[Stored records]
*** Begin section ***

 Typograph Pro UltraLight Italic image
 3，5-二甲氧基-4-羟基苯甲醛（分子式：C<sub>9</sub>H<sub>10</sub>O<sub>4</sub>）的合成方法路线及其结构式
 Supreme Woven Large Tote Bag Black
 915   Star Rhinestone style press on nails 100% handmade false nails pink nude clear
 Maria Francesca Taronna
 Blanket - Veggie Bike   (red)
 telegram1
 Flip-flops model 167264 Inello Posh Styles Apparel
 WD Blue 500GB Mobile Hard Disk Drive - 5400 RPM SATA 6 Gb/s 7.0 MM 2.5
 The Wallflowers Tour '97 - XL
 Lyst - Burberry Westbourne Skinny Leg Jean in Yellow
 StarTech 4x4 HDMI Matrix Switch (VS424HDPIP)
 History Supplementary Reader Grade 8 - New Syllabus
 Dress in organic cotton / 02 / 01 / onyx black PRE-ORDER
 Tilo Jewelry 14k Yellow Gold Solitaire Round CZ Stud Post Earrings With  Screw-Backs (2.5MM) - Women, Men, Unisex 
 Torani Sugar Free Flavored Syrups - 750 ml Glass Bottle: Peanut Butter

*** End section ***

▸ **Work required**
Extract each entry in full, exactly as given.

▸ **Solution to this task**
 Typograph Pro UltraLight Italic image
 3，5-二甲氧基-4-羟基苯甲醛（分子式：C<sub>9</sub>H<sub>10</sub>O<sub>4</sub>）的合成方法路线及其结构式
 Supreme Woven Large Tote Bag Black
 915   Star Rhinestone style press on nails 100% handmade false nails pink nude clear
 Maria Francesca Taronna
 Blanket - Veggie Bike   (red)
 telegram1
 Flip-flops model 167264 Inello Posh Styles Apparel
 WD Blue 500GB Mobile Hard Disk Drive - 5400 RPM SATA 6 Gb/s 7.0 MM 2.5
 The Wallflowers Tour '97 - XL
 Lyst - Burberry Westbourne Skinny Leg Jean in Yellow
 StarTech 4x4 HDMI Matrix Switch (VS424HDPIP)
 History Supplementary Reader Grade 8 - New Syllabus
 Dress in organic cotton / 02 / 01 / onyx black PRE-ORDER
 Tilo Jewelry 14k Yellow Gold Solitaire Round CZ Stud Post Earrings With  Screw-Backs (2.5MM) - Women, Men, Unisex 
 Torani Sugar Free Flavored Syrups - 750 ml Glass Bottle: Peanut Butter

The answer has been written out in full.